Expressiveness is Effectiveness: Self-supervised Fashion-aware CLIP for Video-to-Shop Retrieval

Authors: Likai Tian, Zhengwei Yang, Zechao Hu, Hao Li, Yifang Yin, Zheng Wang

IJCAI 2024 | Conference PDF | Archive PDF | Plain Text | LLM Run Details

Reproducibility Variable Result LLM Response
Research Type Experimental The extensive experiments on two standard video-to-shop datasets, Moving Fashion [Godi et al., 2022] and Deep Fashion2 [Ge et al., 2019], demonstrate the superiority of the proposed SF-CLIP.
Researcher Affiliation Academia 1National Engineering Research Center for Multimedia Software, Institute of Artificial Intelligence, School of Computer Science, Wuhan University, China 2Hubei Key Laboratory of Multimedia and Network Communication Engineering 3Institute for Infocomm Research, A*STAR, Singapore
Pseudocode No The paper includes diagrams (Figure 3) illustrating processes but does not provide pseudocode or algorithm blocks.
Open Source Code No The paper does not provide an explicit statement about releasing its source code or a direct link to a code repository for its methodology.

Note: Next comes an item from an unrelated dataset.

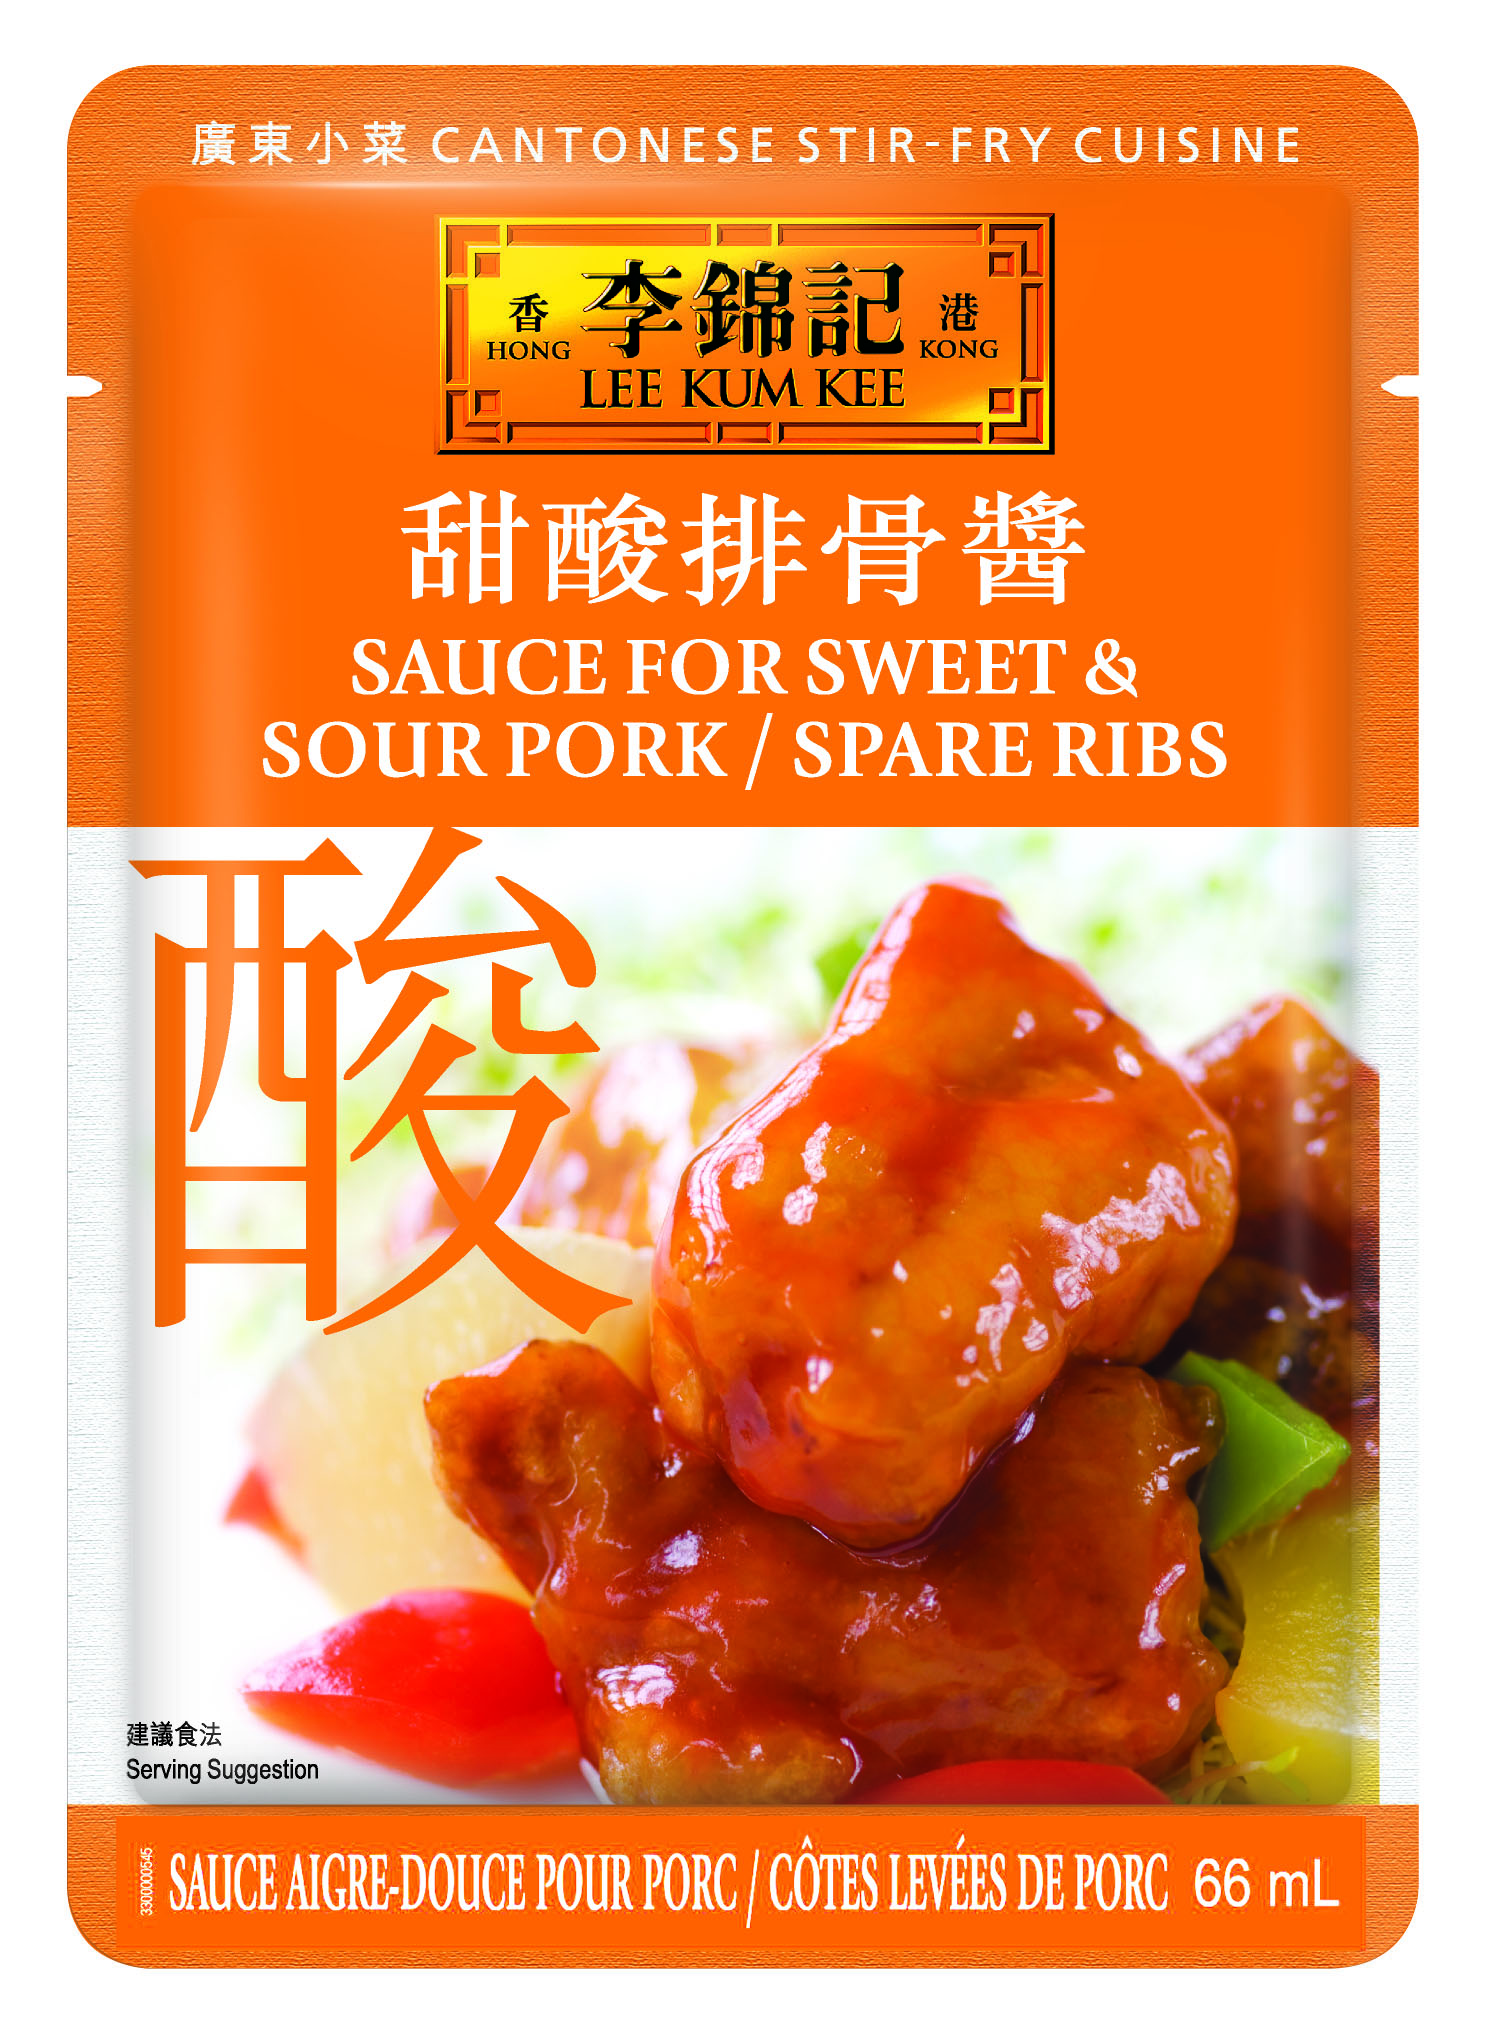 Sauce for Sweet & Sour Pork/Spare Ribs 66ml

It only cites a third-party tool: "https://github. com/open-mmlab/mmpose, 2020."
Open Datasets Yes Moving Fashion [Godi et al., 2022] is a VSR dataset consisting of over 15,000 pairs of videos and corresponding online clothing items. Multi-Deep Fashion2 [Godi et al., 2022] The original Deep Fashion2 dataset [Ge et al., 2019] is primarily used for street-to-shop image retrieval.
Dataset Splits No The paper mentions using 1024 samples for pseudo-label generation and defining salient frame numbers for training and testing, but it does not specify explicit train/validation/test splits (e.g., percentages or counts) for the main datasets (Moving Fashion, Deep Fashion2) used in its experiments.

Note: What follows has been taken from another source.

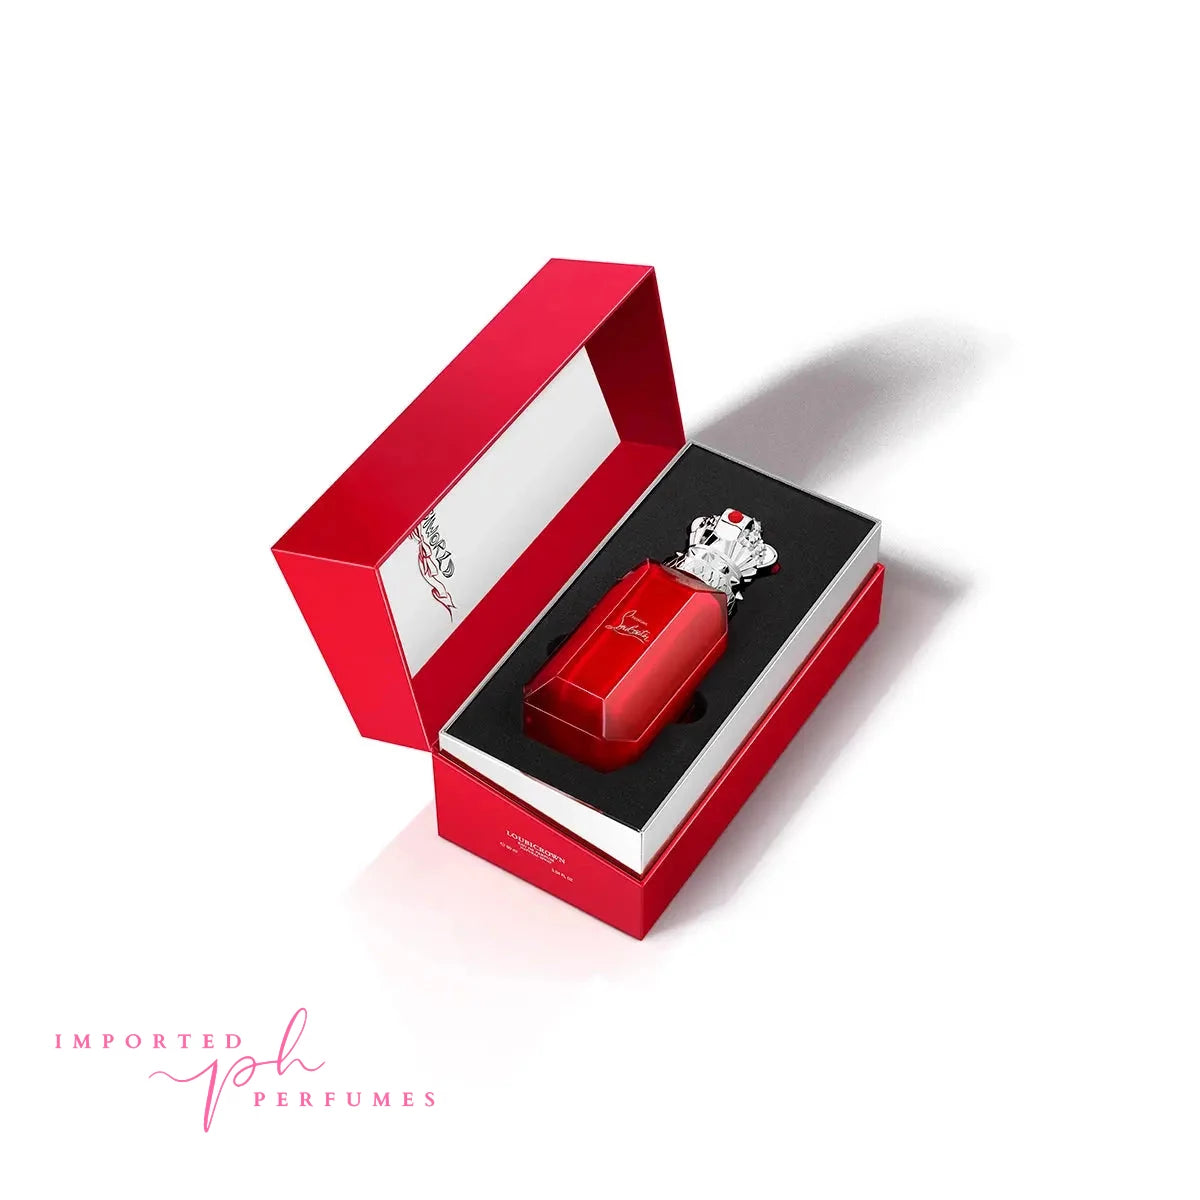 Christian Louboutin Loubicrown For Women EDP Imported Perfumes & Beauty Store

Hardware Specification No The paper does not provide specific details about the hardware used for running experiments, such as GPU models, CPU specifications, or memory.

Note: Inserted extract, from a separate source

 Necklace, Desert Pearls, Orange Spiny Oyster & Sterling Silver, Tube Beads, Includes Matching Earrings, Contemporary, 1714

Software Dependencies No The paper mentions using "Adam [Kingma and Ba, 2014]" as an optimizer, but it does not specify version numbers for Adam or any other software dependencies like programming languages, libraries, or frameworks.
Experiment Setup Yes During the pseudo-label generation process of occlusion aspect, we set the dropout rate to 0.5 and λocc to 0.9. As for truncation aspect, we set the confidence threshold λ to 0.8 and λtru to 0.6. The learning rate for Adapter is set to 3 × 10−4, and Text Encoder is set to 5 × 10−7, with a total of 30 epochs. ... The module is trained using Adam [Kingma and Ba, 2014] with a learning rate of 1 × 10−4 for a total of 60 epochs. The salient frame number is defined as 3 for training and 10 for testing.